# Does anybody have a 3D printer?



## Gene01 (Jan 5, 2009)

The company that made my router fence is out of business and I need some replacement inserts. Approximately 6" by 3" and 1/2" thick. 
If someone would care to tackle this, please PM me and we can discuss it further. 
Pictures with exact dimensions can be provided. I'm not even close to proficient with CAD or Sketchup.
Thank you for your consideration.


----------



## Heath (Nov 14, 2008)

I do, Gene!


----------



## Gene01 (Jan 5, 2009)

Hey Heath. Tell me what you need. I can send you a sample .
Thanks, buddy.


----------



## Heath (Nov 14, 2008)

Start with pictures and measurements. You can email me - [email protected]


----------



## Carloz (Oct 12, 2016)

There is whole bunch of 3d printing services. Sculpteo example print anything for you from any material including gold and platinum. Their prices are reasonable.


----------



## Gene01 (Jan 5, 2009)

OK, Heath. Ill get some pics….hopefully today. If not, it'll be friday.
Thanks again.


----------



## Gene01 (Jan 5, 2009)

Heath, tried to e mail you.

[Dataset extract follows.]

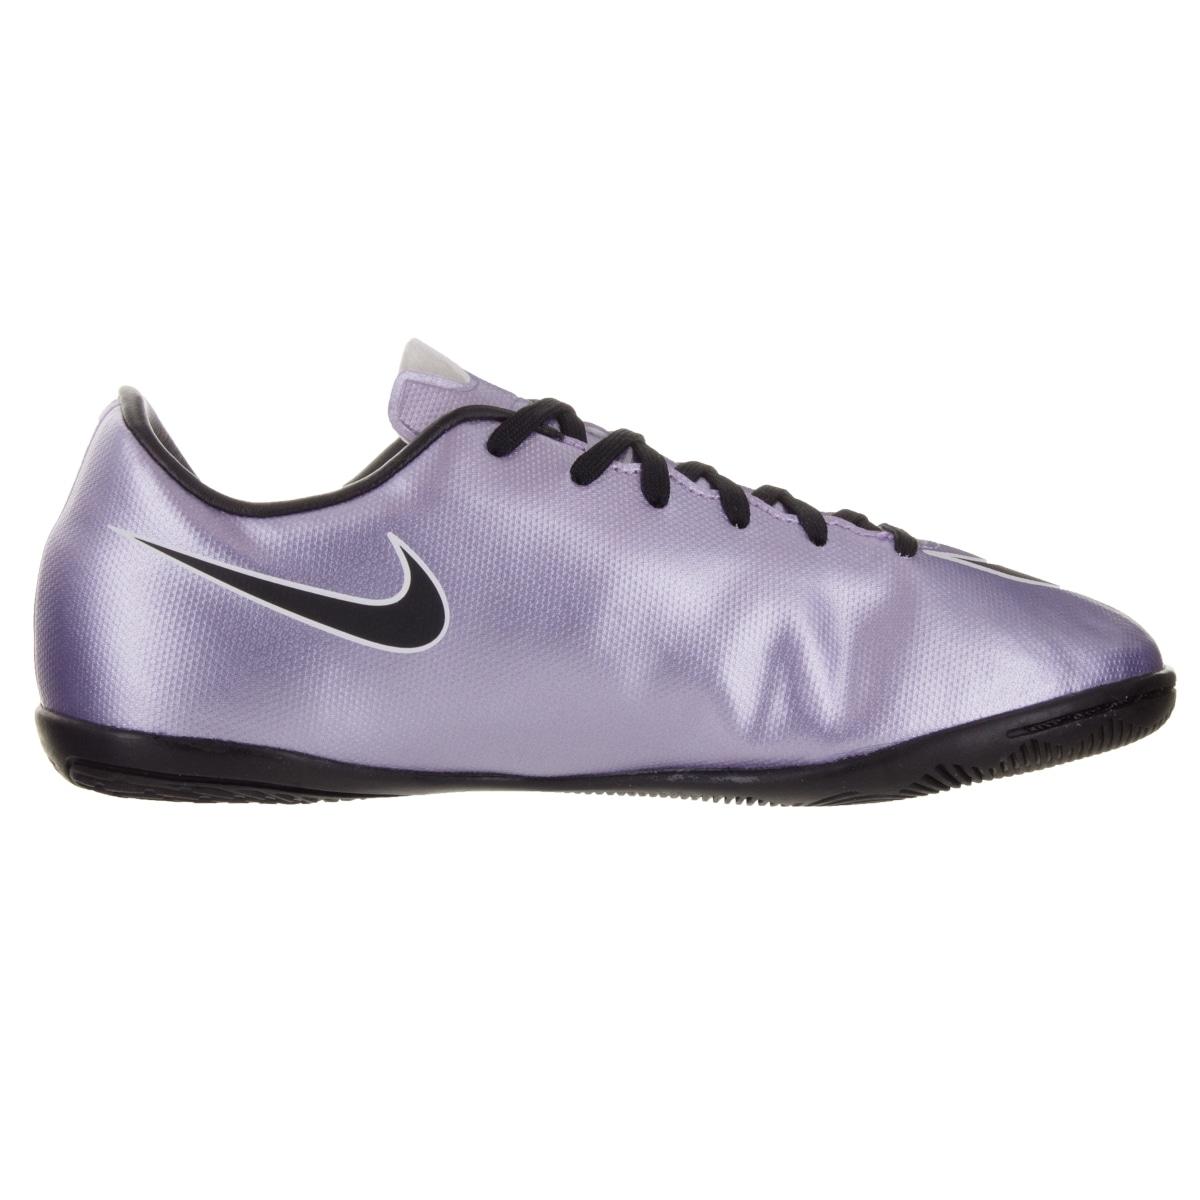 32b7e341687 Shop Nike Kids Jr Mercurial Victory V Ic Urban Lilac Black Brightt Magenta  White Indoor Soccer Shoe - Free Shipping Today - - 12330583

Server tells me the address is wrong?????

There was a problem!
The recipient info doesn't seem quite right. Please look it over and try again.


----------



## Heath (Nov 14, 2008)

Weird. I just checked that email account before coming here. Did you copy and paste or type it out? Try it again…

[email protected]

If that doesn't work, try [email protected]


----------



## papadan (Mar 6, 2009)

Yo Heath, can I sell these addies to some spammers? JK ;-)


----------



## Gene01 (Jan 5, 2009)

I copied and pasted. I'll try it typing it.


----------



## Gene01 (Jan 5, 2009)

I copied and pasted. I'll try it typing it.

It went.


----------